Spending a couple extra seconds to hug your child as he runs out the door, make a “good day note” for his lunch box, or snuggle while reading an extra book at nap time is all it takes.
Get the Kids’ Letter Bundle for more “love note” ideas and ways to create special moments for your kids.
Friendly :Your kids need you to be a good friend. Not to them, but to their friends’ mom.Being a parent forced me to step outside my comfort zone.
On one hand, it was nice to have other moms to commiserate with, but it was also a challenge. I had to talk to that mom on the sideline of my son’s baseball game instead of just snuggling into the couch with a good book, which is what I would’ve done pre-kids.
If you’re struggling to find or maintain friendships in motherhood, or even if you just want to be able to make conversation and relate to the moms in your kids’ classes, I loved the wise advice is to be- friend their teacher or head of the school.
Fierce:There’s a time and place to be fierce, but when it’s necessary, you need to know the best way to pull out the claws.
One time when being fierce is important is during times of medical emergencies or when you need to protect your child.
My kids have food allergies, so I’ve struggled to find a balance with being fierce. While I have to protect my kids from potentially life-threatening foods, I struggle with being too forceful and offending family members. However, after several situations when people didn’t heed my polite reminders, I’ve realized that it’s ok to be fierce in order to protect my children.

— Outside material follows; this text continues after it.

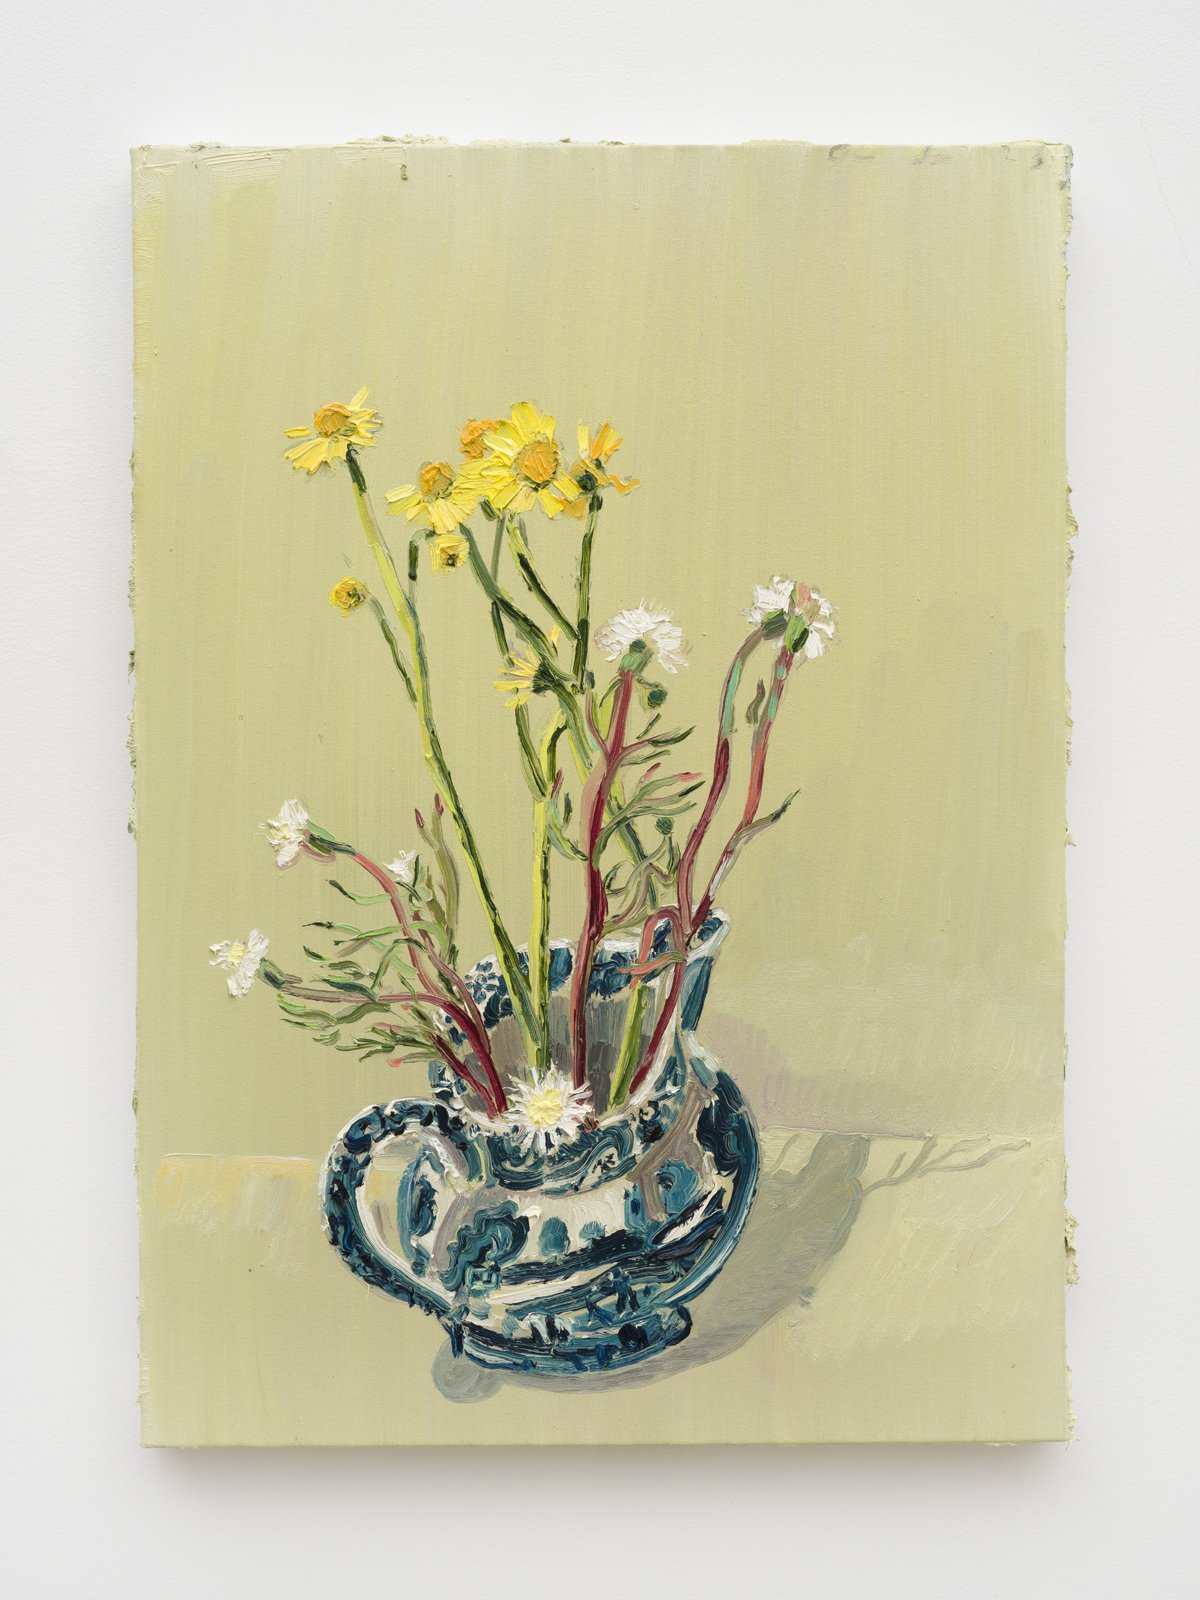  Allison Schulnik  Mum’s Pot with Wildflowers (Brittlebrush and Pincushion), 2023  Oil on canvas stretched over board  28 x 20 in.

On the other hand, there are times when you shouldn’t be fierce, like when you’re working with your child’s teacher to correct behavior issues. If it’s not a life-threatening issue, advice from trusted family members, friends, and teachers should be welcome.
Most people have your child’s best interests at heart. Even if you disagree with their opinion, in most situations, it’s best to take a balanced approach!
Knowledgeable: Chances are, you don’t know everything that your kids will ask. A knowledgeable mom doesn’t know everything, either (and if she did, I don’t think I’d want to be friends with her).
But a knowledgeable mom knows where to find answers to her kids’ questions
A knowledgeable mom also instills a hunger for learning in her kids. By having interesting conversations, asking questions, and listening to your kids, you can be a knowledgeable perfect mom, even if you don’t know everything.
I love these dinner conversation starter cards. I get tired of asking my son, “What did you do in school today,” and I’m pretty sure he’s tired of answering the same question.
Just by going the extra step of talking to your kids and taking an interest in their activities, you’ll be able to show your love.
Brave:You’re loved more than you know. You’re braver than you even imagine.Being a perfect mom requires a bravery that you probably didn’t know you had.
Just making it through birth takes bravery. But even after birth, you’ll need to be brave as you kiss your kids’ boo-boos. Brave as you send them off to preschool, then kindergarten, and then college. Brave as you raise them to be the people you always knew they would be.